🤖 AI Summary
This work addresses the challenge of achieving high-fidelity, general-purpose multi-skill execution on real humanoid robots, where motion diversity often compromises tracking accuracy and physical feasibility. To overcome this, the authors propose OmniXtreme, a framework that decouples general motion skill learning from physics-aware execution refinement. First, a high-capacity flow-matching strategy learns a diverse repertoire of motions; subsequently, an actuator-aware sim-to-real refinement stage enhances real-world deployability. This approach breaks the longstanding trade-off between fidelity and scalability, enabling, for the first time, stable execution of multiple extreme, high-difficulty maneuvers on a single real humanoid policy. The method demonstrates strong generalization and robustness by maintaining high tracking fidelity across a challenging motion dataset.
📝 Abstract
High-fidelity motion tracking serves as the ultimate litmus test for generalizable, human-level motor skills. However, current policies often hit a"generality barrier": as motion libraries scale in diversity, tracking fidelity inevitably collapses - especially for real-world deployment of high-dynamic motions.
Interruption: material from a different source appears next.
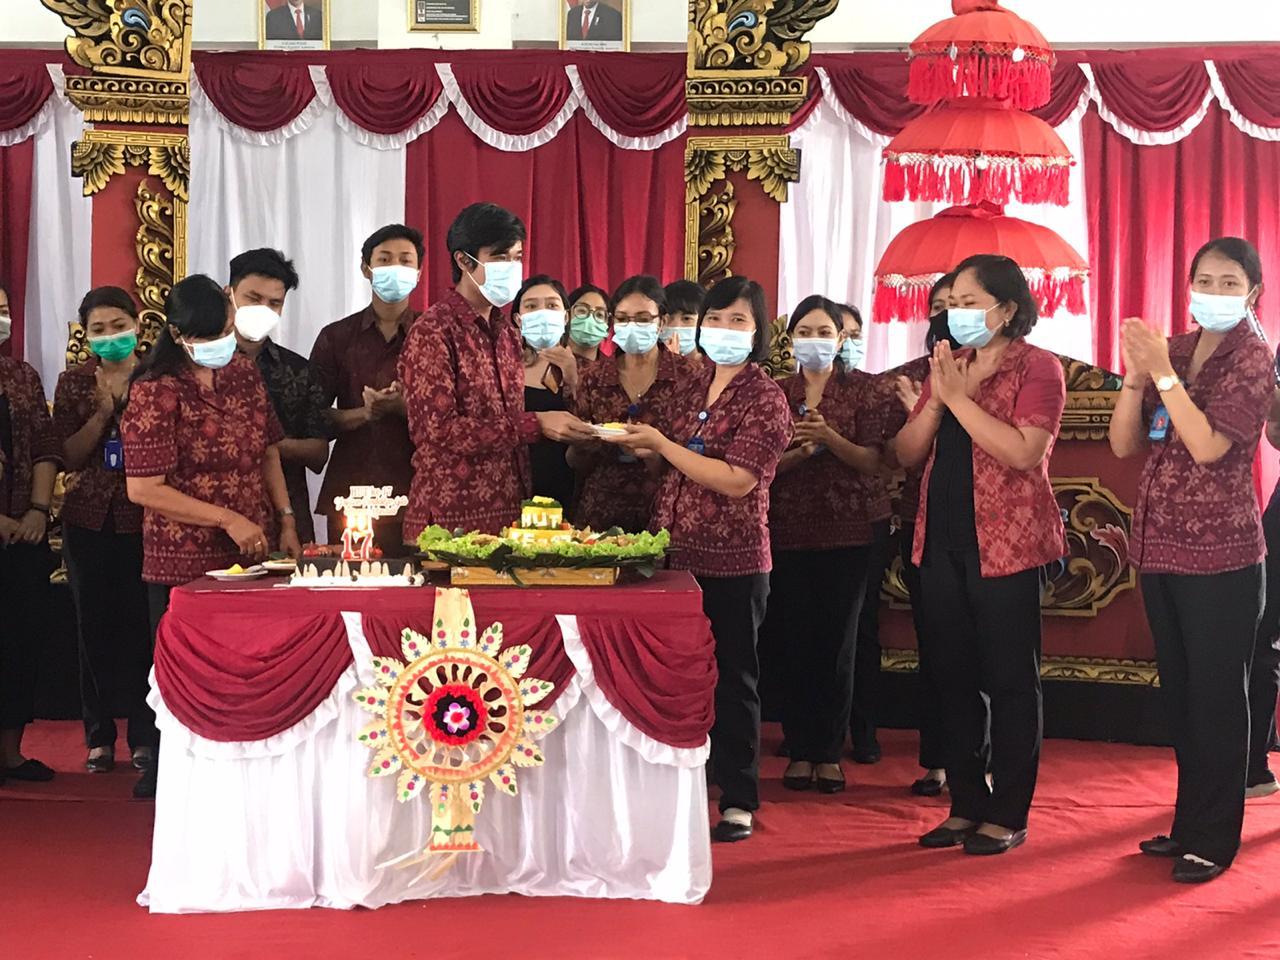 KETUA Yayasan Pendidikan Gita Asrama Mandala, I Wayan Cahyadi Adiguna, menyerahkan tumpeng HUT kepada Kepala SMK Bali Dewata, Ni Ketut Sutarsih. Foto: tra

We identify this failure as the result of two compounding factors: the learning bottleneck in scaling multi-motion optimization and the physical executability constraints that arise in real-world actuation. To overcome these challenges, we introduce OmniXtreme, a scalable framework that decouples general motor skill learning from sim-to-real physical skill refinement. Our approach uses a flow-matching policy with high-capacity architectures to scale representation capacity without interference-intensive multi-motion RL optimization, followed by an actuation-aware refinement phase that ensures robust performance on physical hardware. Extensive experiments demonstrate that OmniXtreme maintains high-fidelity tracking across diverse, high-difficulty datasets. On real robots, the unified policy successfully executes multiple extreme motions, effectively breaking the long-standing fidelity-scalability trade-off in high-dynamic humanoid control.